WARNING: If you suffer from photosensitive epilepsy, you should inform the
instructor and not be present during this lab.
Equipment:
Tanks: About 800 cm3 of water will produce a depth of 5 mm.
Yellow plastic barriers: These are about 5 mm thick.
Light source: Often the shadows of waves are easier to see and measure than the
waves themselves. But the shadows are larger than the actual waves, there are two
ways to correct for this:
(1) If t is the distance from the light to the tank and s is the distance from the light to
the shadows, the shadow waves are larger by a factor of (s/t). Multiplying shadow
lengths by (t/s) will give the actual lengths in the tank.

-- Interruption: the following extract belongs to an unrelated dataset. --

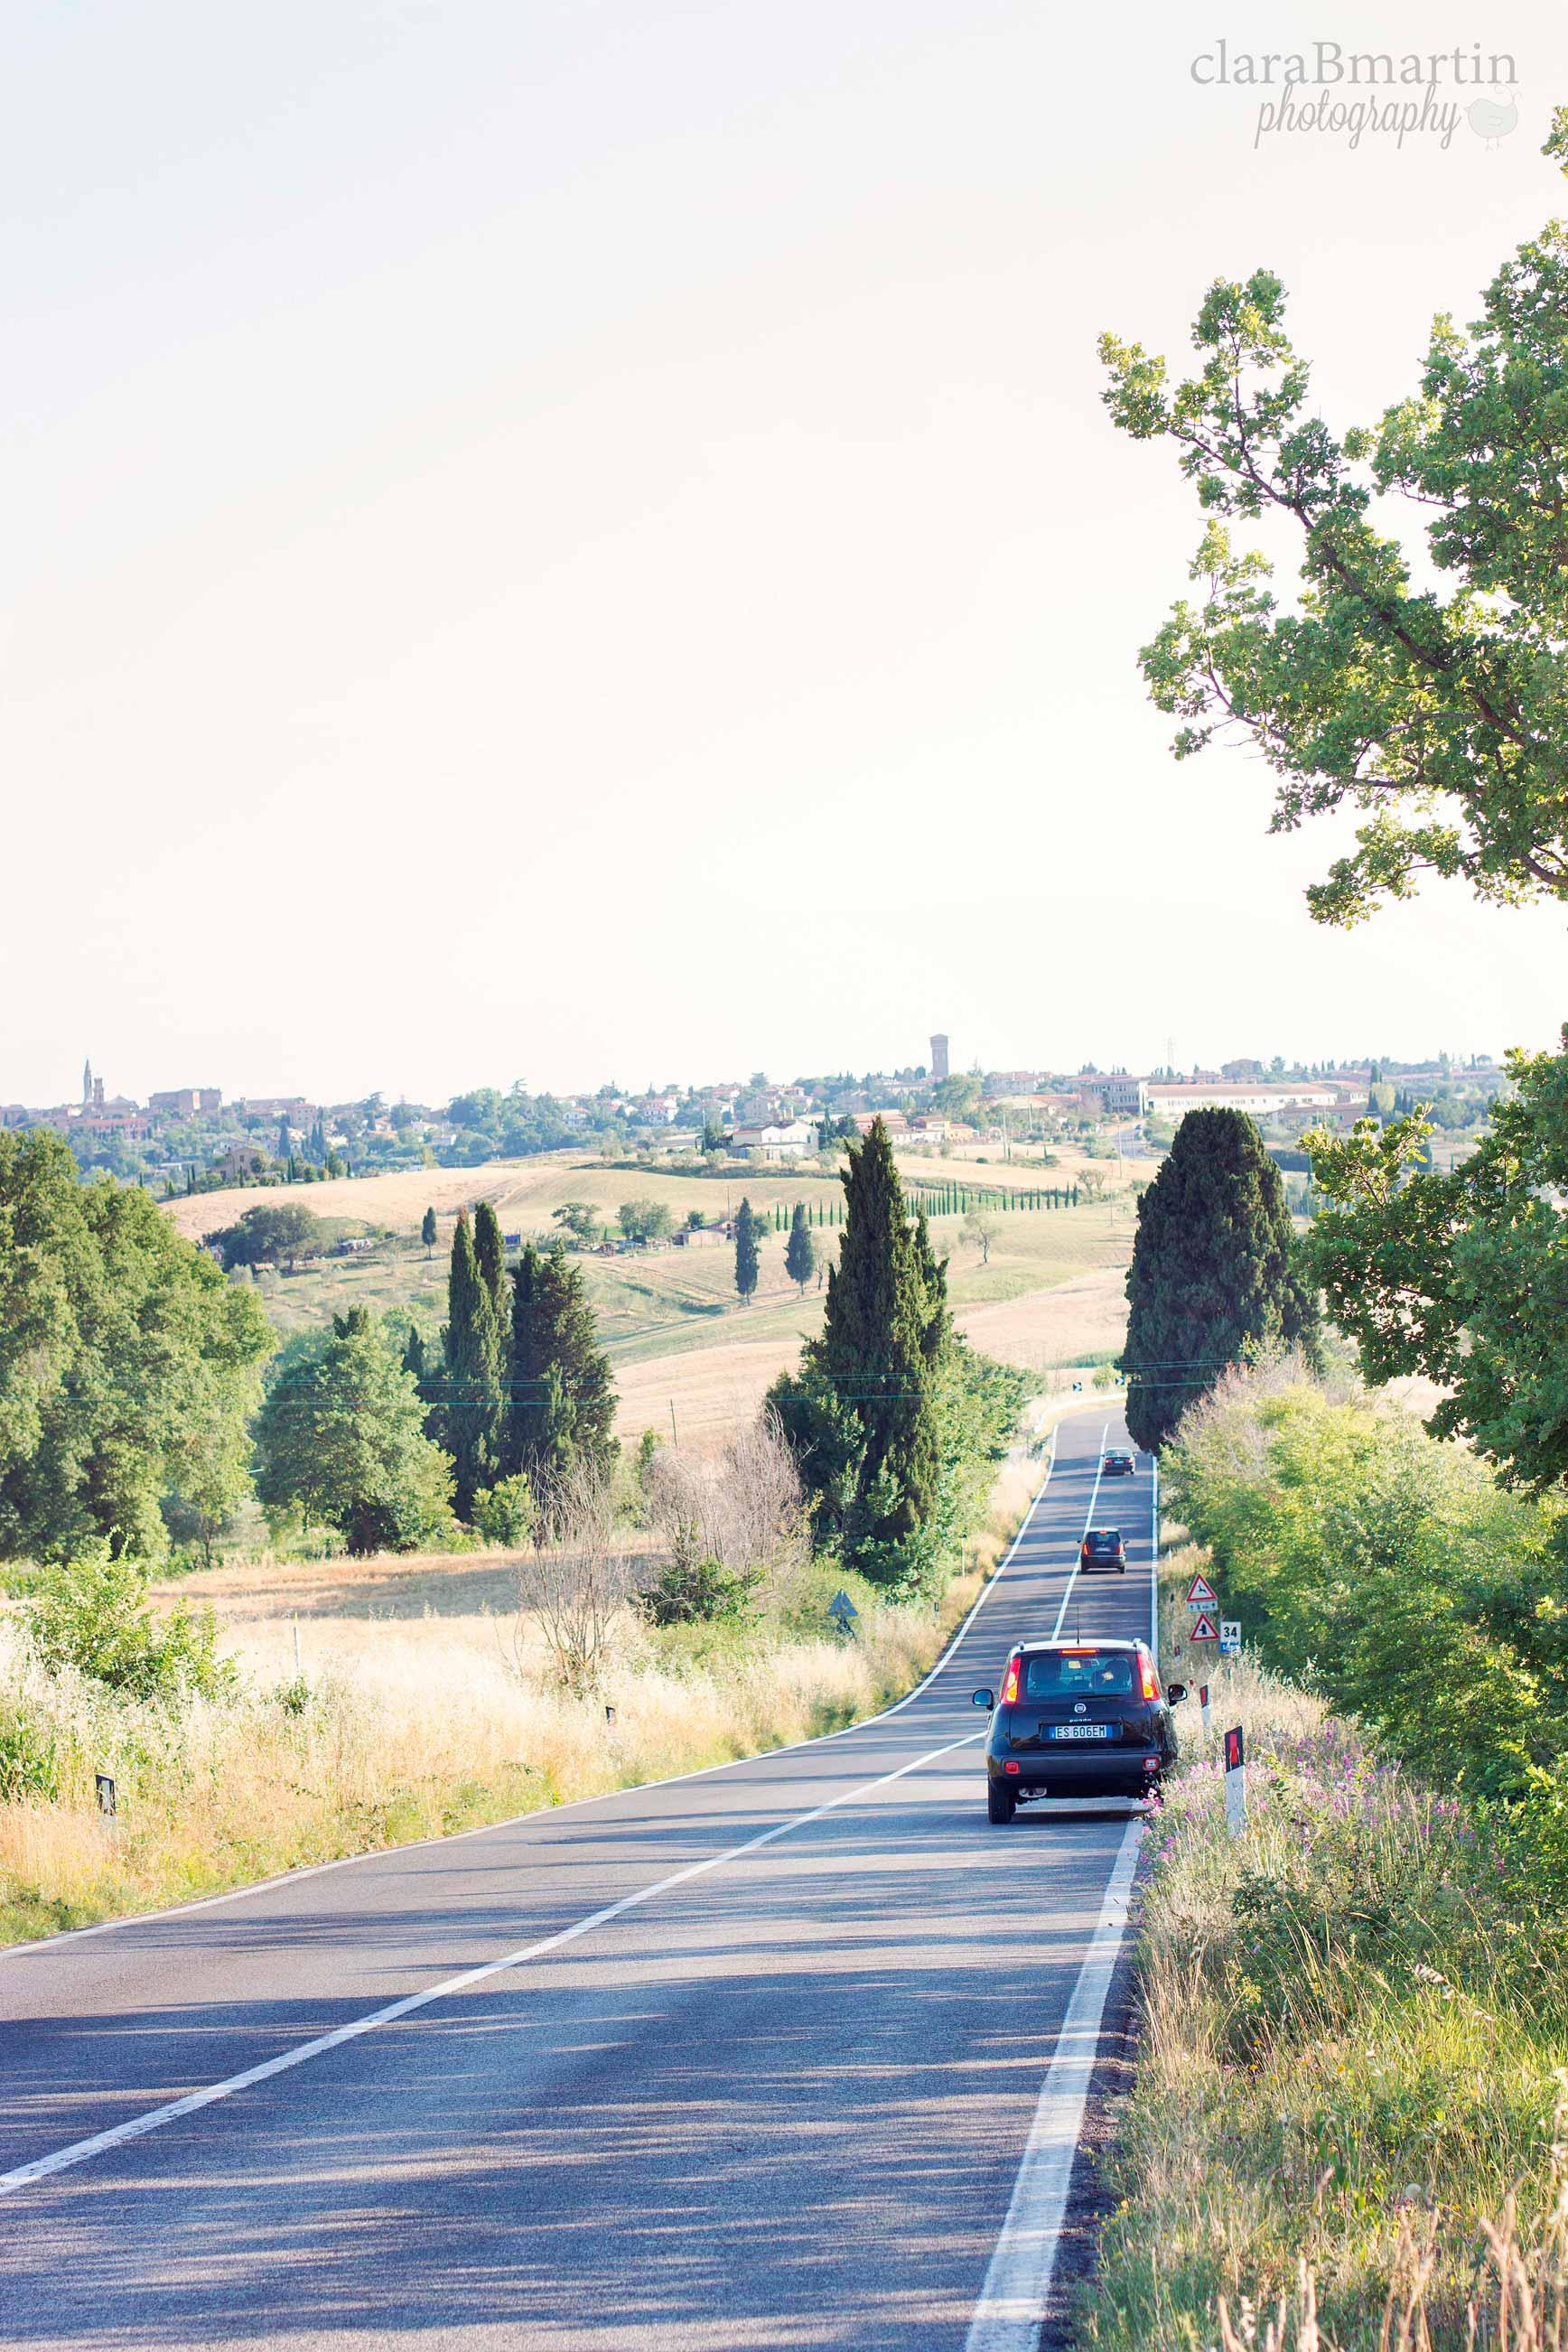 Toscana_claraBmartin04

(2) The clear plastic ruler can be placed in the tank and measurements of the
shadow lengths using the ruler’s shadow will give correct centimeter lengths for the
waves in the tank.
Ripple Generator: The amplitude adjust changes how much the actuator arms move
up and down and hence the amplitude (height) of the generated waves. You will
want both arms set to the same amplitude.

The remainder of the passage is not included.